▸ INFORMATION SHOWN
■ ■ ■ ■
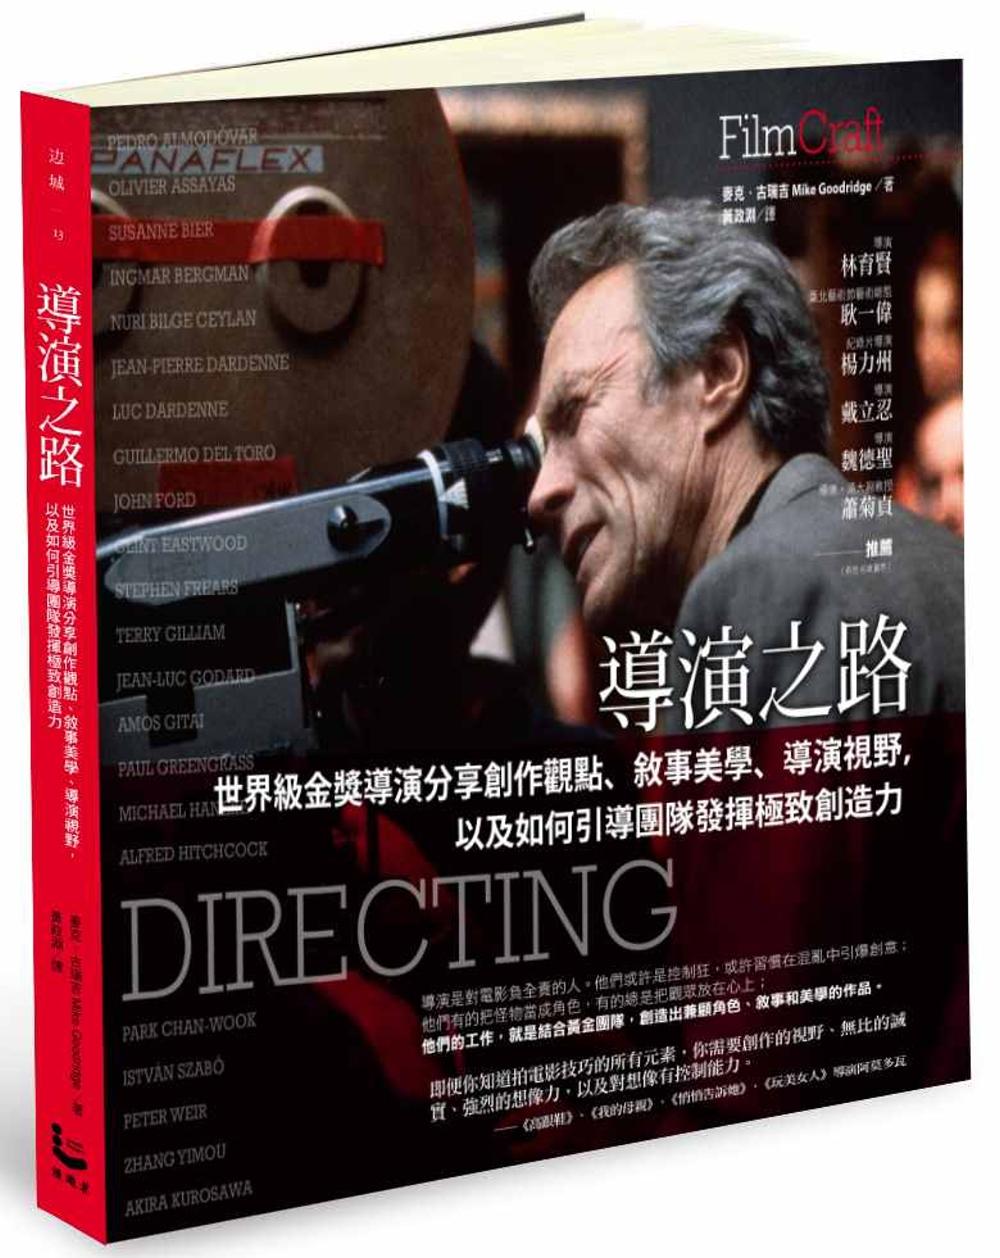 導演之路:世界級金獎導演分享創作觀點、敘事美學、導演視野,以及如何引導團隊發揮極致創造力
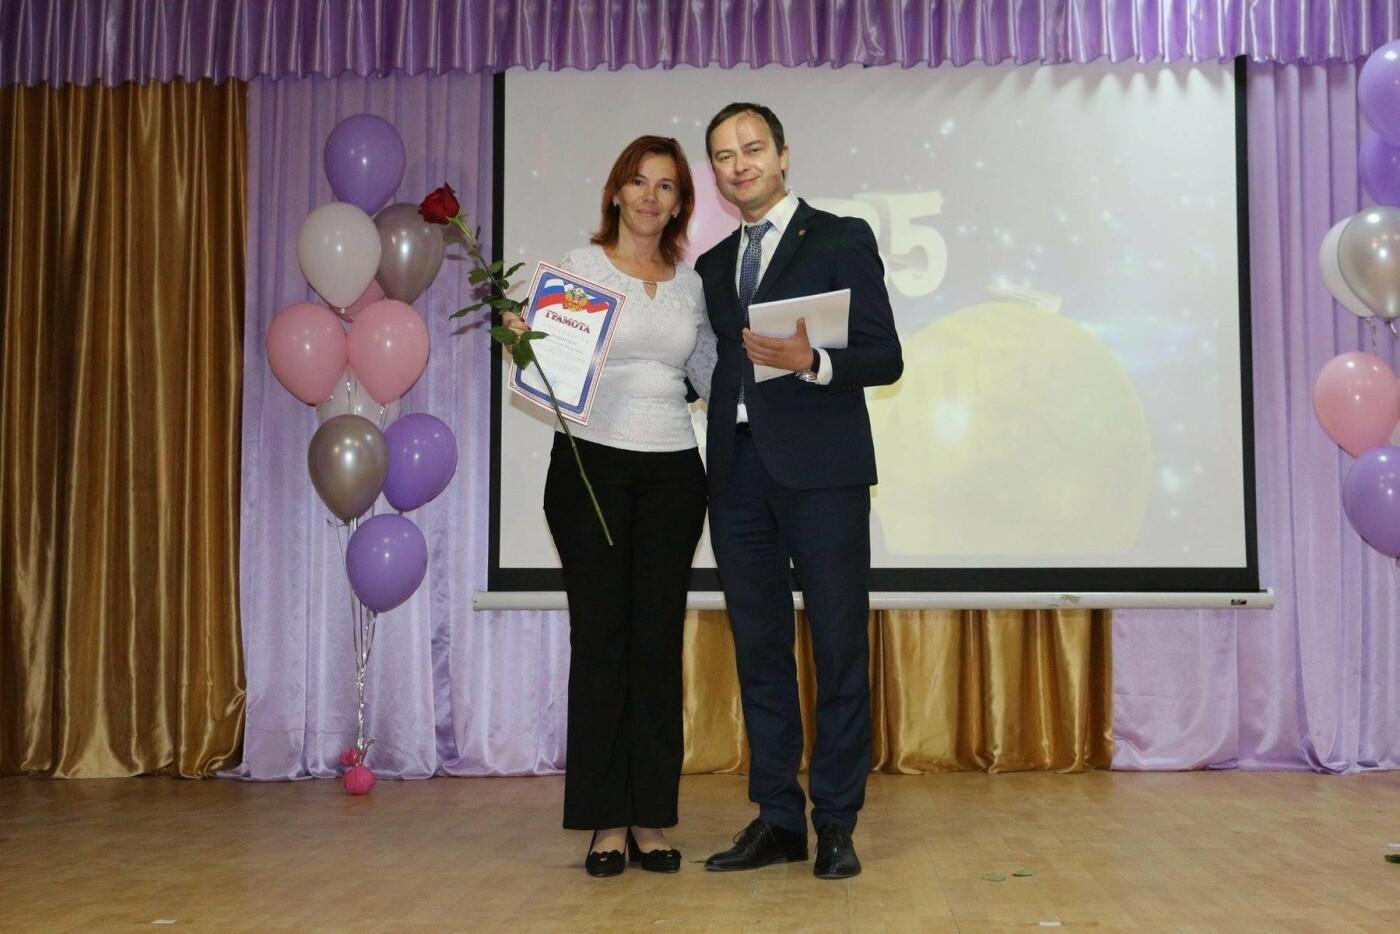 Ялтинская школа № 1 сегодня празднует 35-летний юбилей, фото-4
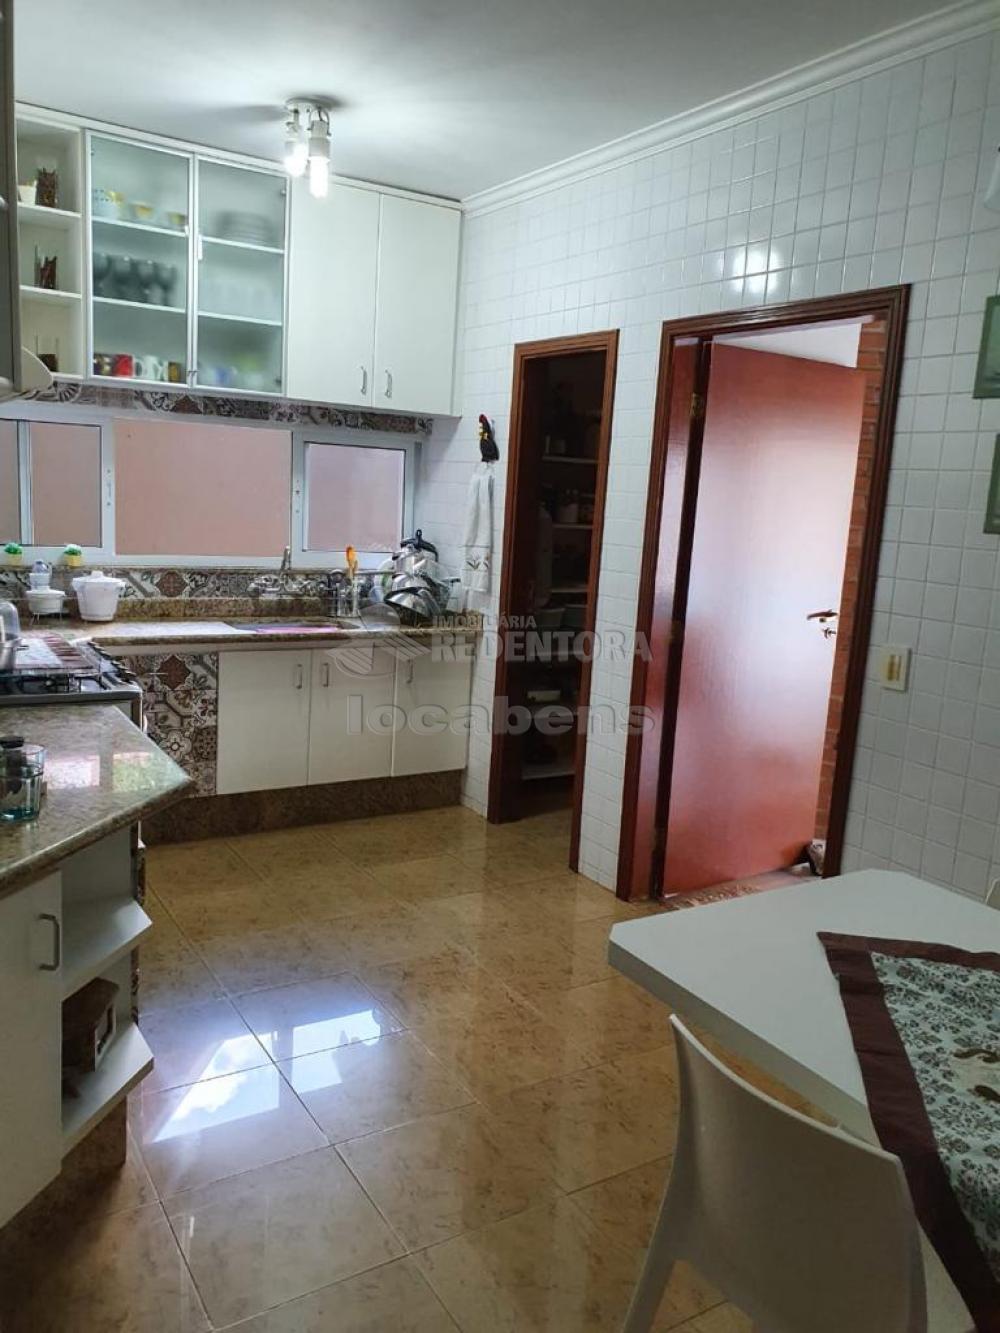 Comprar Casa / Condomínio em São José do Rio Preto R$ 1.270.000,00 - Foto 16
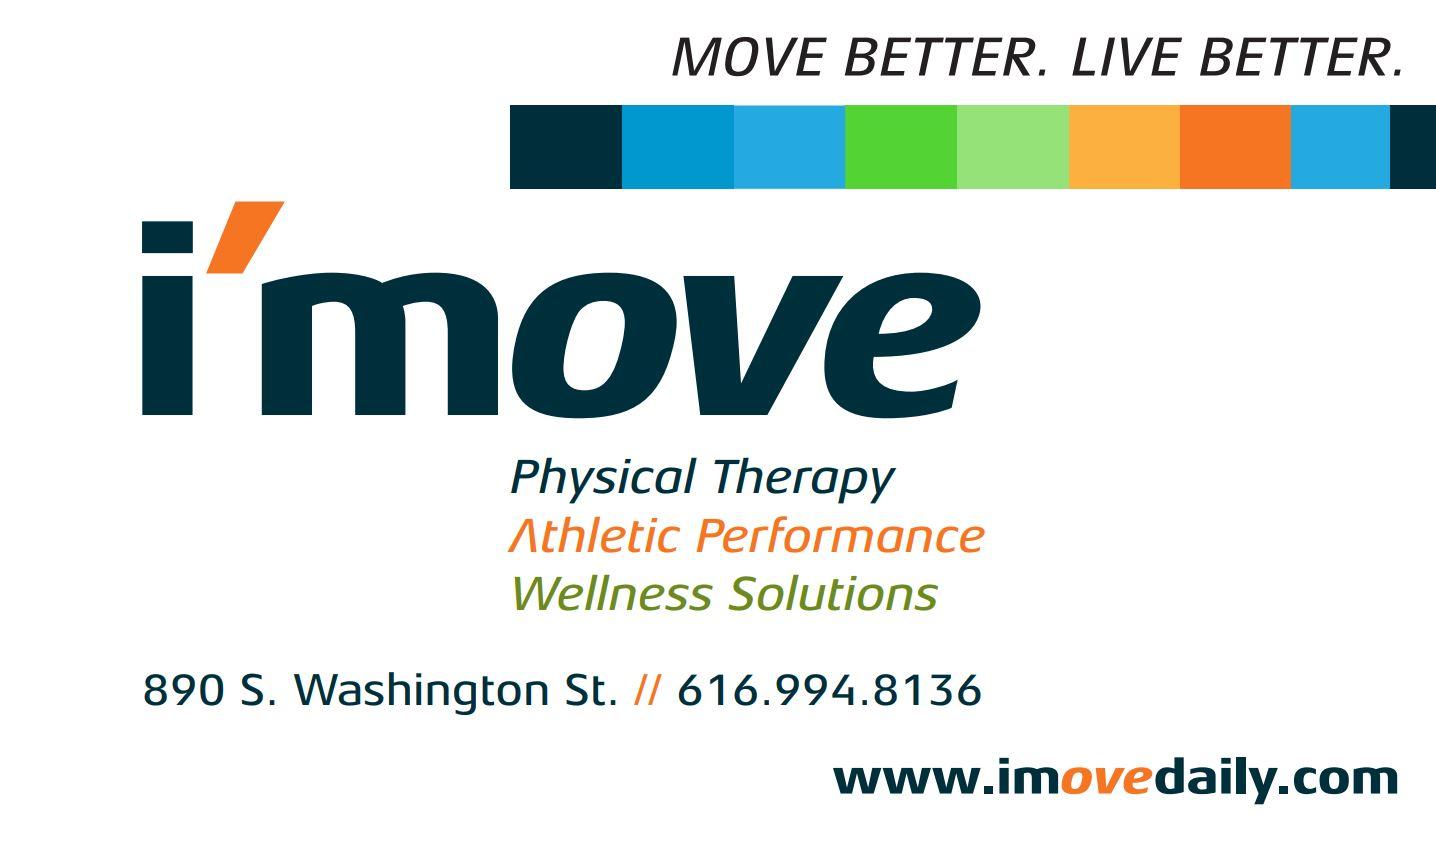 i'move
■ ■ ■ ■
▸ WHAT TO PRODUCE
When copying the material, leave every image behind and keep each line verbatim.

▸ ANSWER SPACE
 導演之路:世界級金獎導演分享創作觀點、敘事美學、導演視野,以及如何引導團隊發揮極致創造力
 Ялтинская школа № 1 сегодня празднует 35-летний юбилей, фото-4
 Comprar Casa / Condomínio em São José do Rio Preto R$ 1.270.000,00 - Foto 16
 i'move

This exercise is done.